The independent variables in “A” are BAV, aortic width, renal insufficiency, use of anticoagulants, use of platelet inhibitors, medio-lateral abdominal aortic diameter, left common carotid artery diameter, diameter of first thoracic corporal body, calculated estimate of ascending aortic diameter, and history of aortic valve surgery, hypertension, cerebrovascular disease, autoimmune disease and abdominal/descending aortic dissection or rupture. The independent variables in “B” are the same as A with the addition of tubular ascending aortic diameter.

https://doi.org/10.1371/journal.pone.0270585.g003

Considering the results published by McClure et al. [16], the cumulated life risk of ACAS-AA in a Danish population aged 40 years or more, is approximately 0.2%. Using our models, positive predictive value would equal 0.6% and 3.59% in model one and two, respectively.

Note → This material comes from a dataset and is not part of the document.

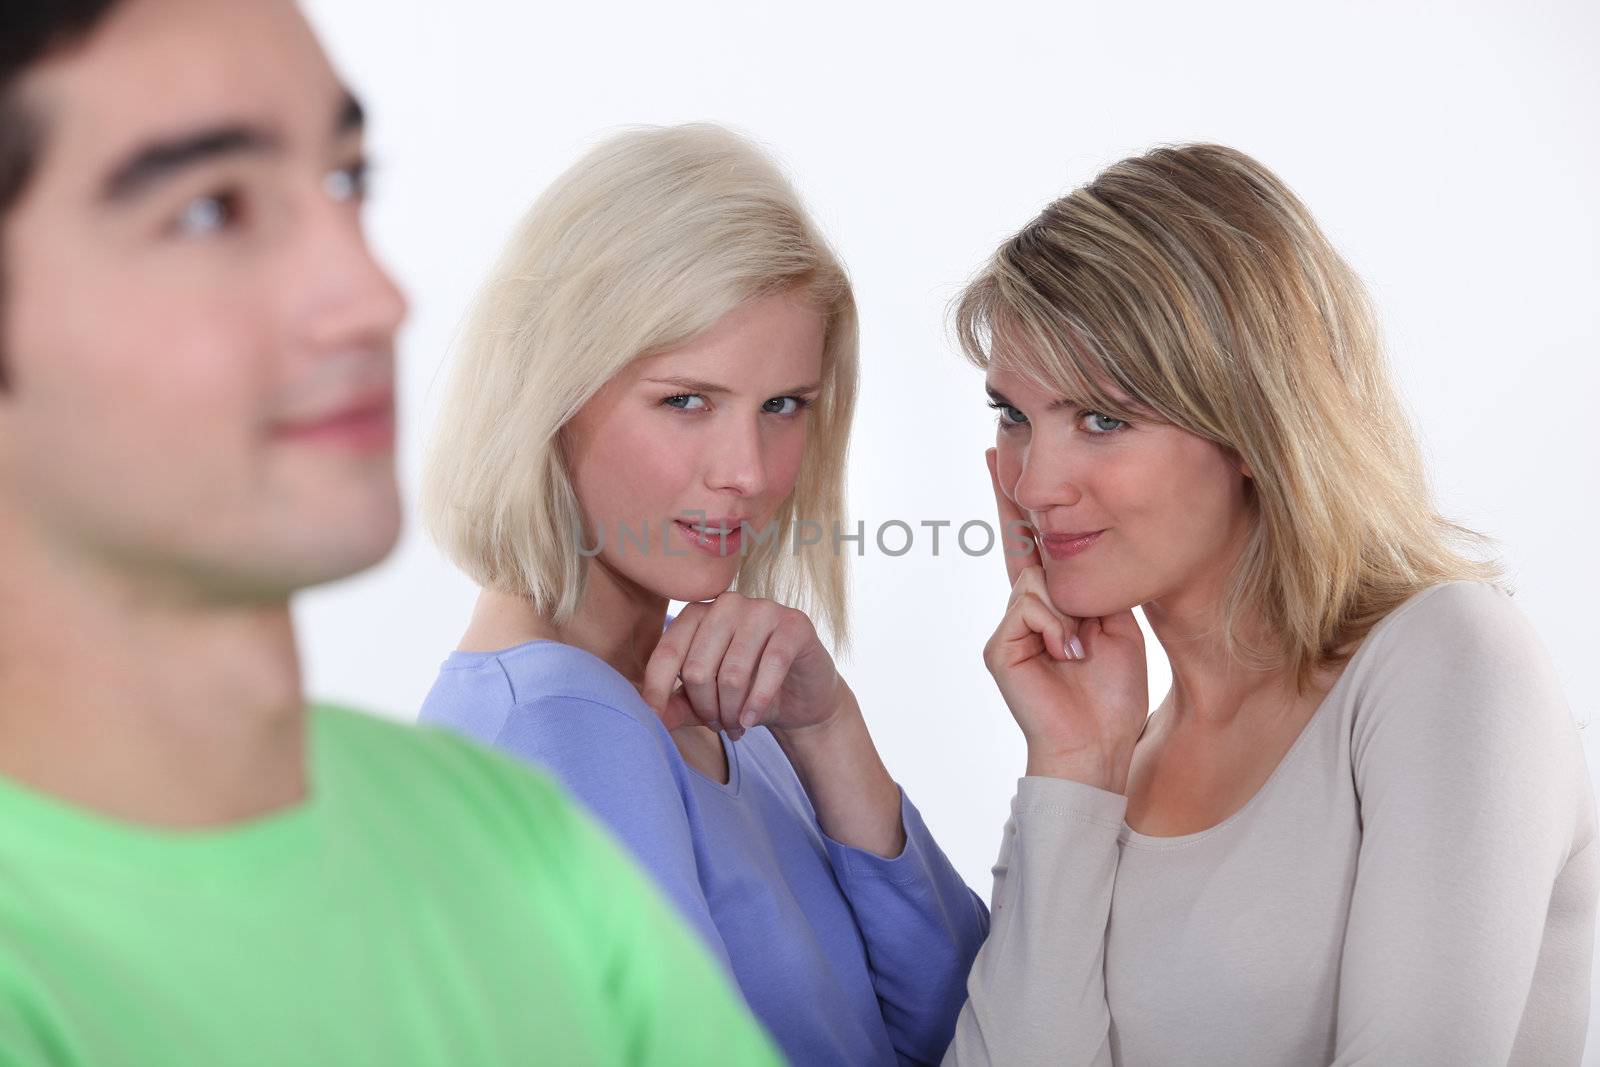 Young women observing a man by phovoir
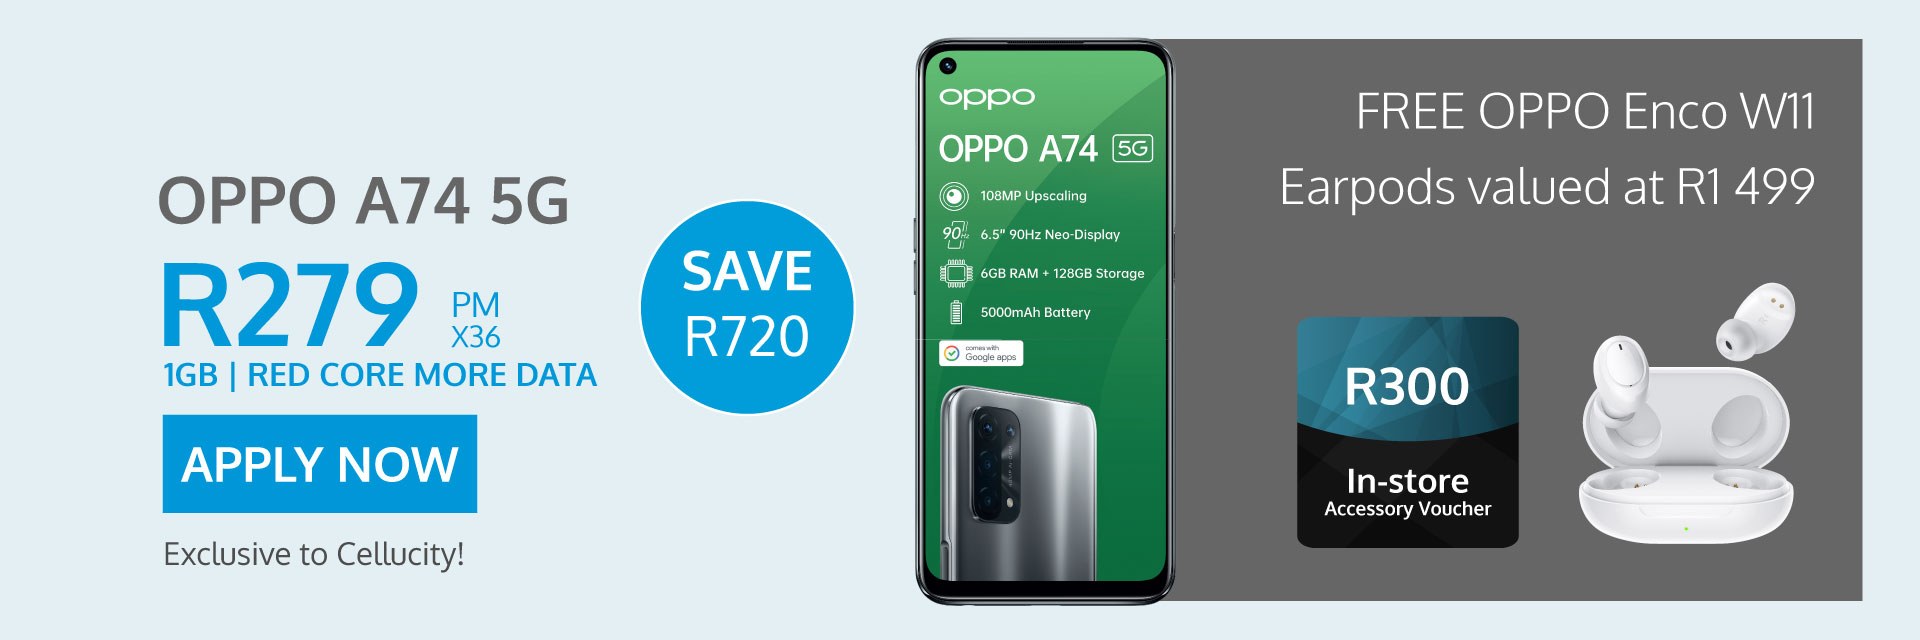 Oppo A74 5G Contract Deal

Consequently, to prevent one event of ACAS-AA, 166 elective repairs are needed using model one, and 27 using model two.

Discussion

In this case-control study, we explored the differences between patients suffering from acute or chronic syndromes of the ascending aorta, and a control group. Variables explored were derived from medical history and CT-scans, and tested with univariate logistic regression analysis. The association of potential risk factors was then confirmed with multivariate regression analysis. Finally, we developed two predictive models using multivariate logistic regression analysis. Model one excludes ascending aortic diameter, and model two does not.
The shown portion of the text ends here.